A Java framework for managing linguistic data

The OTIM project aims to fully annotate an 8 hours long corpus of recorded dialog. The raw annotation outputs from linguists' specific tools have to be processed in an efficient way with respect to the OTIM XML description proposed. As linguists are very familiar with their annotation tools (PRAAT, ANVIL, ...), it was not an option to provide new tools from scratch to directly make annotations within OTIM XML representation. Moreover, the diversity of the tools would make difficult to provide and maintain extensions for them in order to conform with the OTIM XML. A solution for providing data processing capability that can deal with both raw annotation files and OTIM XML document is an applicative framework composed of specific modules.
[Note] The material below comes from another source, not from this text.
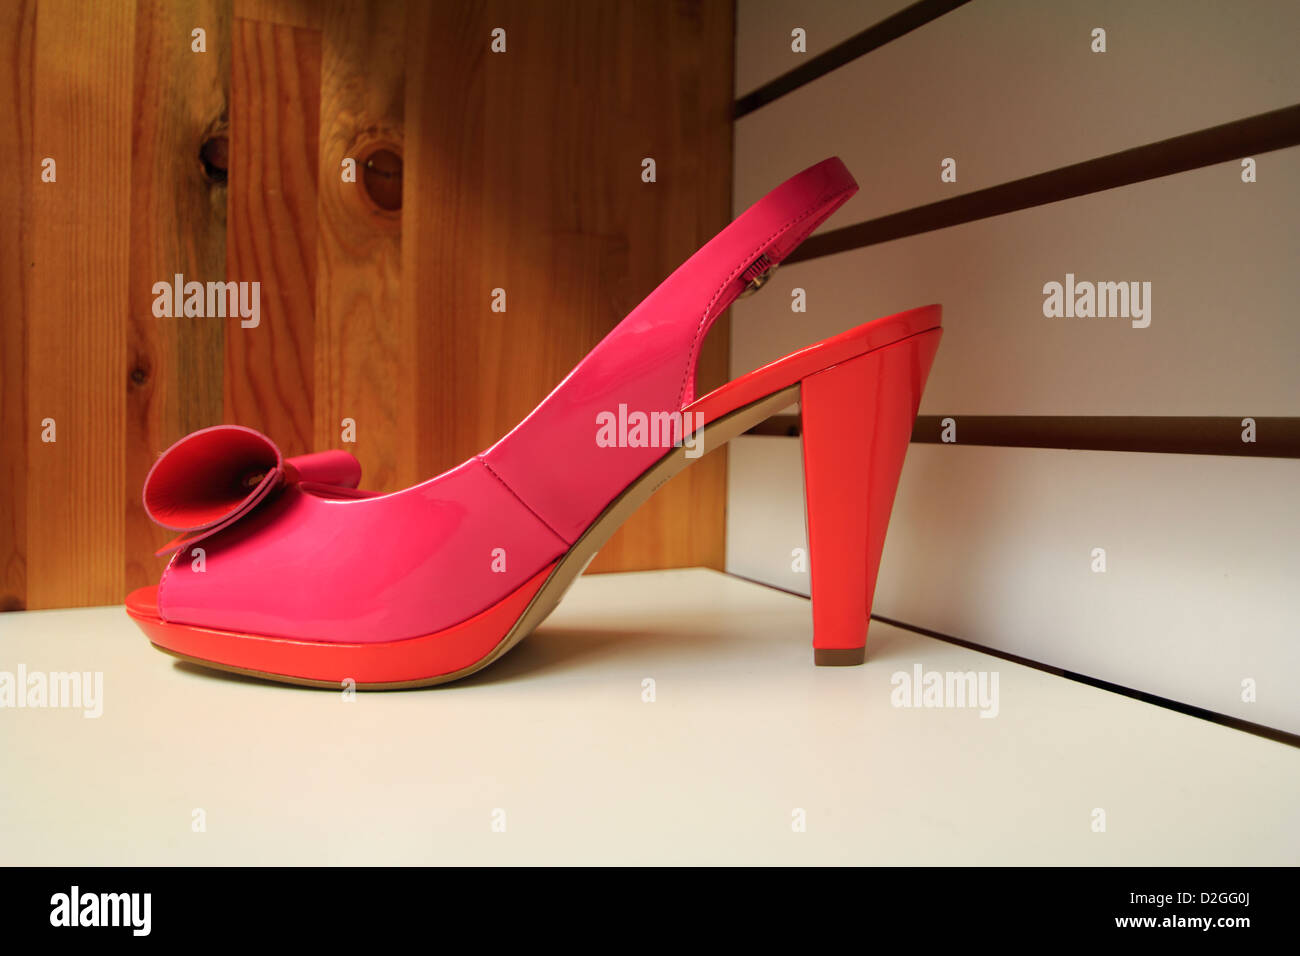 Une dame rose's high heel shoe sur une étagère Banque D'Images

We made the choice of developing a Java framework for OTIM that is composed of two main parts (see Figure 2):

  • an implementation of the OTIM XSchemas within Object paradigm,

  • a set of modules that can interface with both raw annotation files and XML documents.
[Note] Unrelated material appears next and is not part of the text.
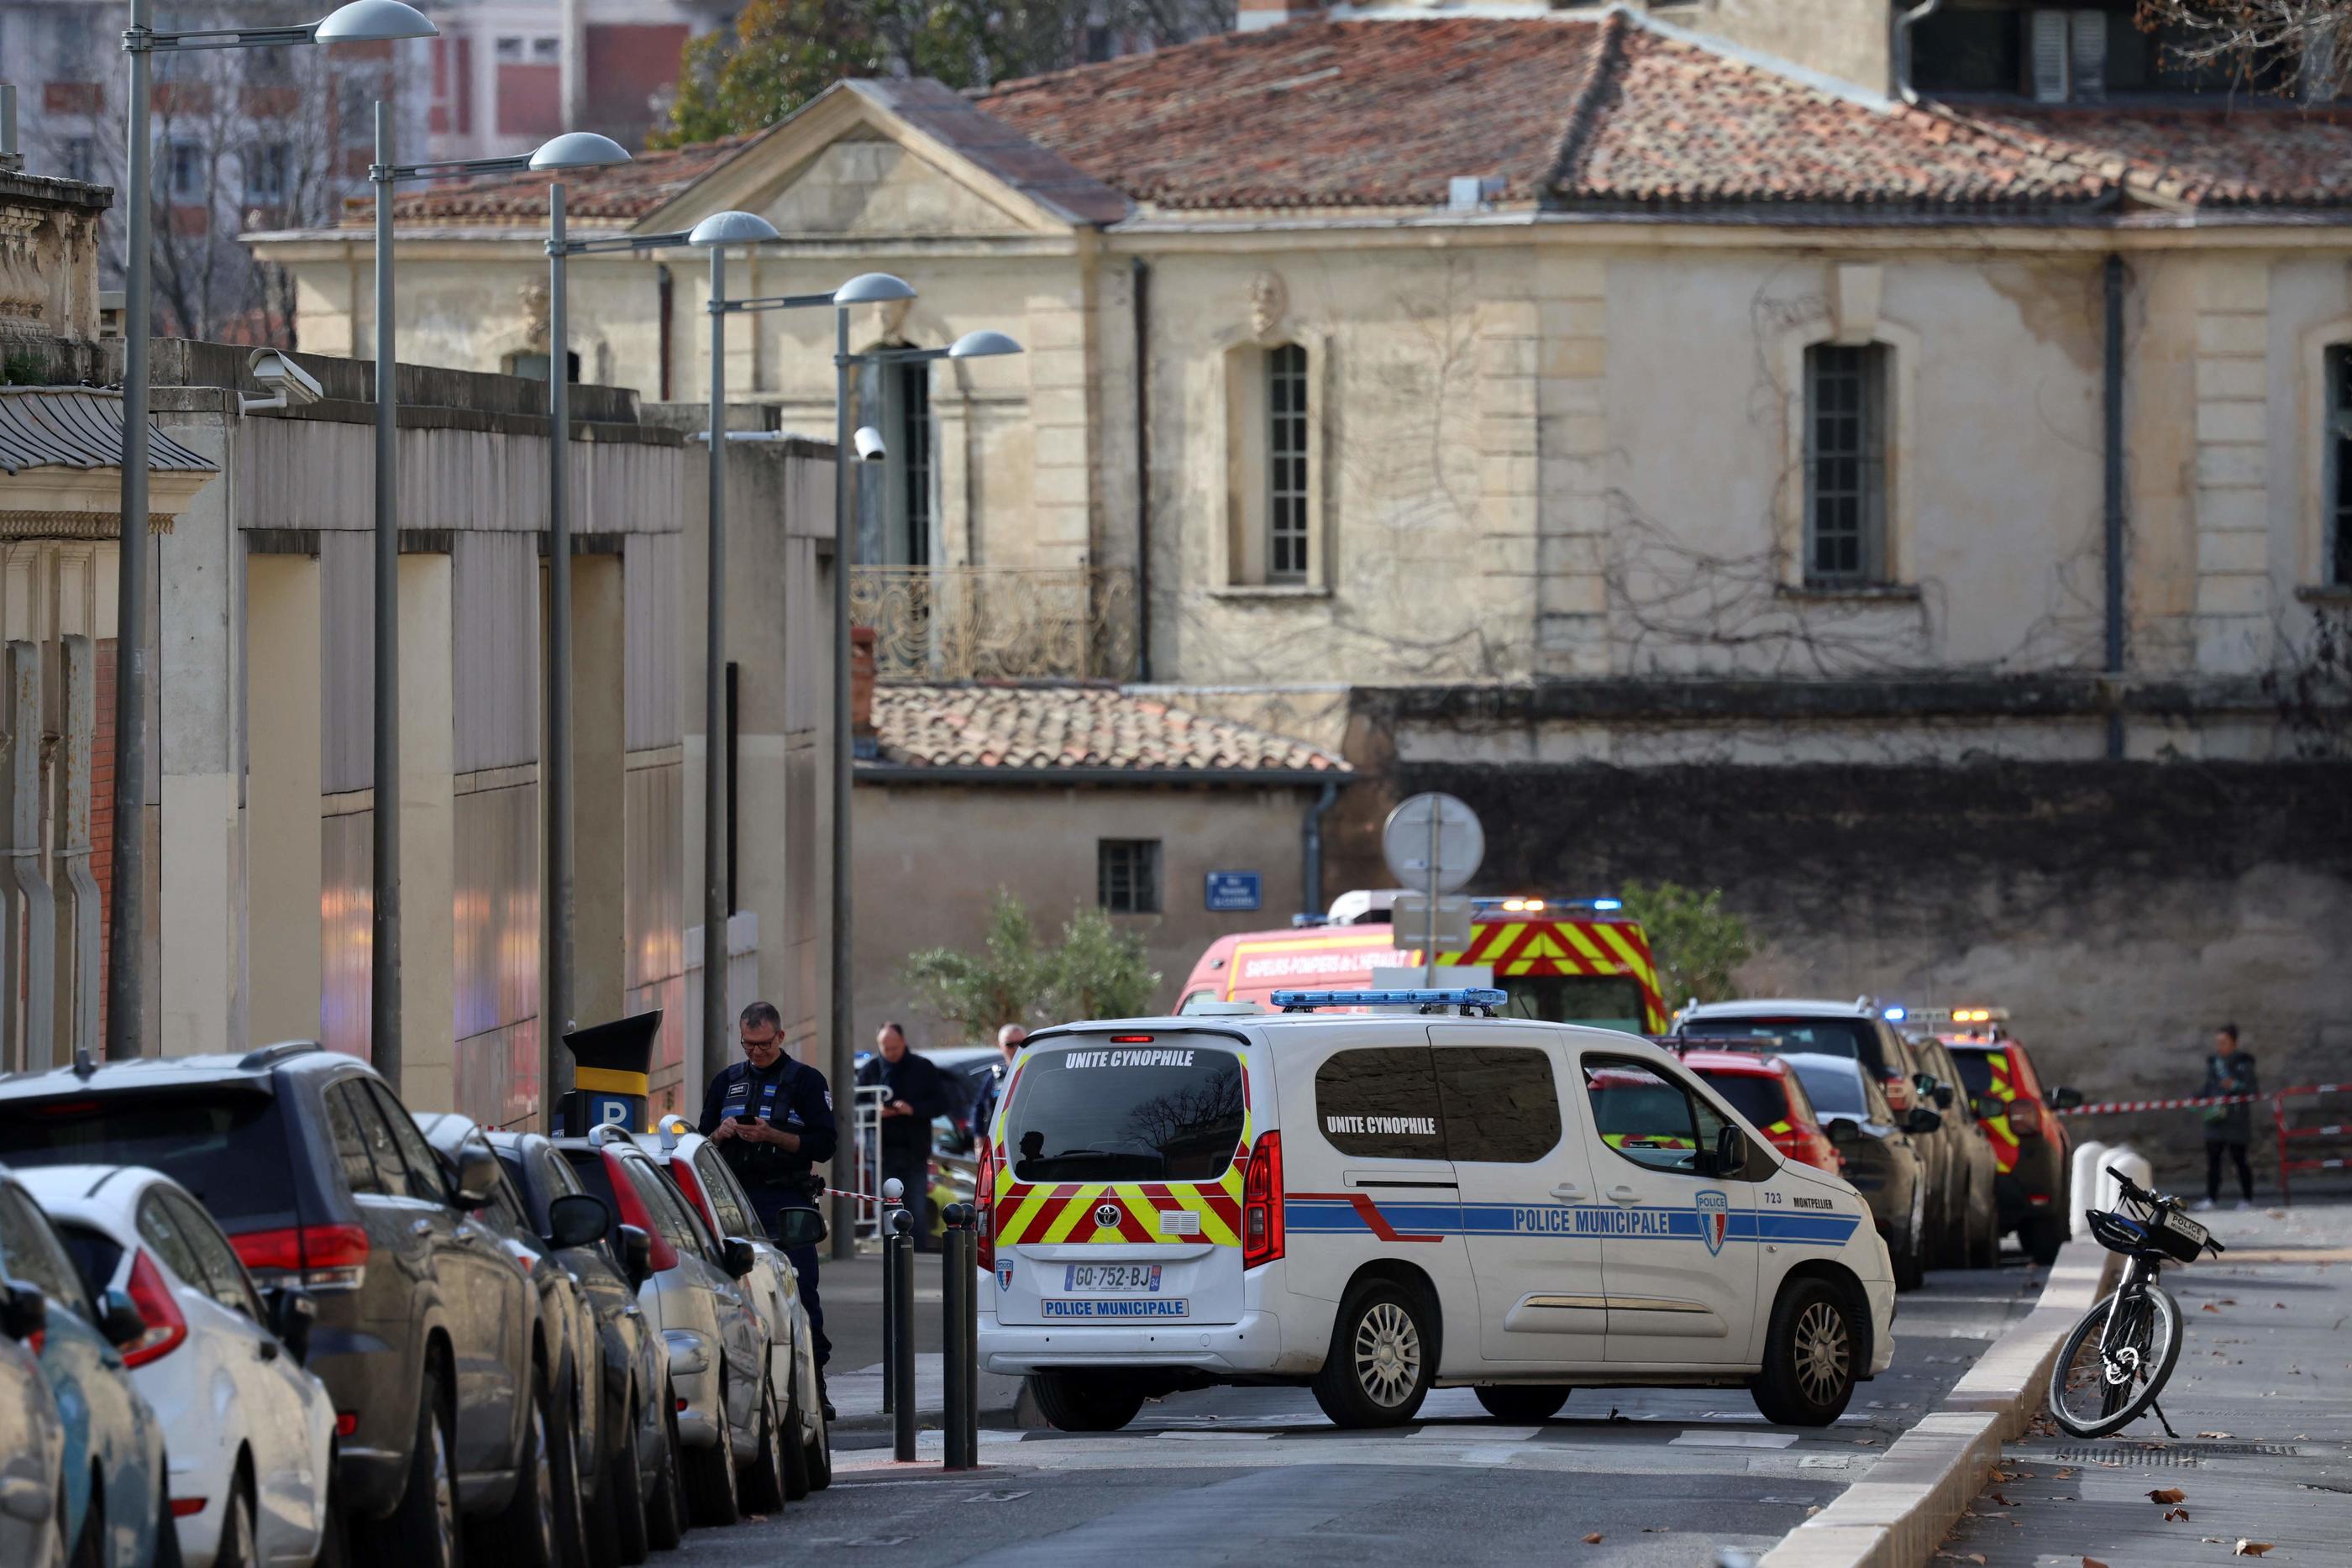 La police municipale se tient dans une zone bouclée autour du tribunal judiciaire de Montpellier. AFP/Pascal Guyot

The first part of the framework is distributed as OTIM API and enables to deal with linguistic annotations with respect to OTIM XSchemas (and also TFS). The link between XML schemas and Java implementation is guaranteed by using the Java Architecture For XML Binding (JAXB) [2]. This technology provides method for automatically generating Java classes from a set of XSchemas. Using JAXB makes implicit and always consistent the link between XSchemas and their Java representation. When a schema is modified, the associated Java classes are automatically regenerated. In most case, a minor change within XSchemas only involves an automatic update of the Java classes (changing an element name, changing a value, ...). When the changes are important: the structure of an XSchema or the annotation scheme are modified, the update of the Java classes need to be manually performed as implementation can be heavily modified. This can be seen as a limit but this kind of changes are rare in a standardidation context.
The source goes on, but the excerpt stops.